Identity has forever been a tenuous internal struggle between your conceptions of yourself and the outward portrayal of those ideals. With the advent of modern media and technology, the manufactured ideals of society increasingly force a proscribed identity onto individuals. Magazines, television, internet, movies, radio, newspapers, advertising, etc. all enforce a uniform concept of identity. This leaves little room for deviation, and individuals must outwardly choose to conform or not conform to these societal constructs. Hiding in anonymity is no longer an option. Your image is your brand. You must portray yourself as you want to be seen. You must wear two faces: one for “real” life and a fictional one for public consumption.

This work highlights the inherent problem of fact within photography and the struggle to create an identity. The focus is on youth, whose identity is most in flux but at the same time most proscribed by modern society through advertising and other media. Youth has become a commodity. The idea youth has been appropriated by advertising products, but it is also the product. The media portrayal of youth through fashion, film, advertising, pornography is entirely physical: sleek, sexy, and fit. Youth without perfect physical form has little function in contemporary society; however, this constructed idea of youth does not exist and undermines reality. The media has created an identity for youth that confuses the already intense struggle for individual identity.

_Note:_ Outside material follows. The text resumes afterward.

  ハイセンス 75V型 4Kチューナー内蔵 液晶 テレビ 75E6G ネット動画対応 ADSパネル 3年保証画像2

The images in this work are almost entirely of the same individuals cast as actors into different situations and contexts, highlighting the limitations of photography to represent reality. The natural inclination is to make a fantasized narrative between the same individual in different images, but this only highlights the point that there is no actual narrative. The narrative that is created belongs only to the viewer. It is a snap judgment based on fictional constructed images that do not speak to the identity or reality of the individuals portrayed. We then must wonder what is the actual reality and identity of these people?

The images also fall into a variety of genres and themes, related to the portrayal of youth through media. There are images reminiscent of advertising, film, television, and pornography, as well as, images that might be considering documentary. These images straddle the line of the true representations of these genres, but upon closer inspection they fall apart. This highlights the fragility of the media constructed world of imagery. Jumping between images shows the variety of ways photography inflects our judgments of people. The diptychs and triptychs highlight this problem more fully. Even subtle variations in framing and gesture with the same subject can radically alter our perspective towards a person.

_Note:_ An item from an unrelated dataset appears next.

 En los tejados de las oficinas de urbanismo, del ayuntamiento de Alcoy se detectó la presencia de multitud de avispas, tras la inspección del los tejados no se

The work also addresses issues of identity within the modern technological landscape. How do we want to be portrayed? How do we portray ourselves, and how does that fit into the fictional construction of youth culture? What happens with images outside of our individual control? How does technology enhance and undermine the ability to control one’s own image? Where are the borders between portrayal and actual representation?

What face do we want to present to the world, and what face do we want to keep hidden?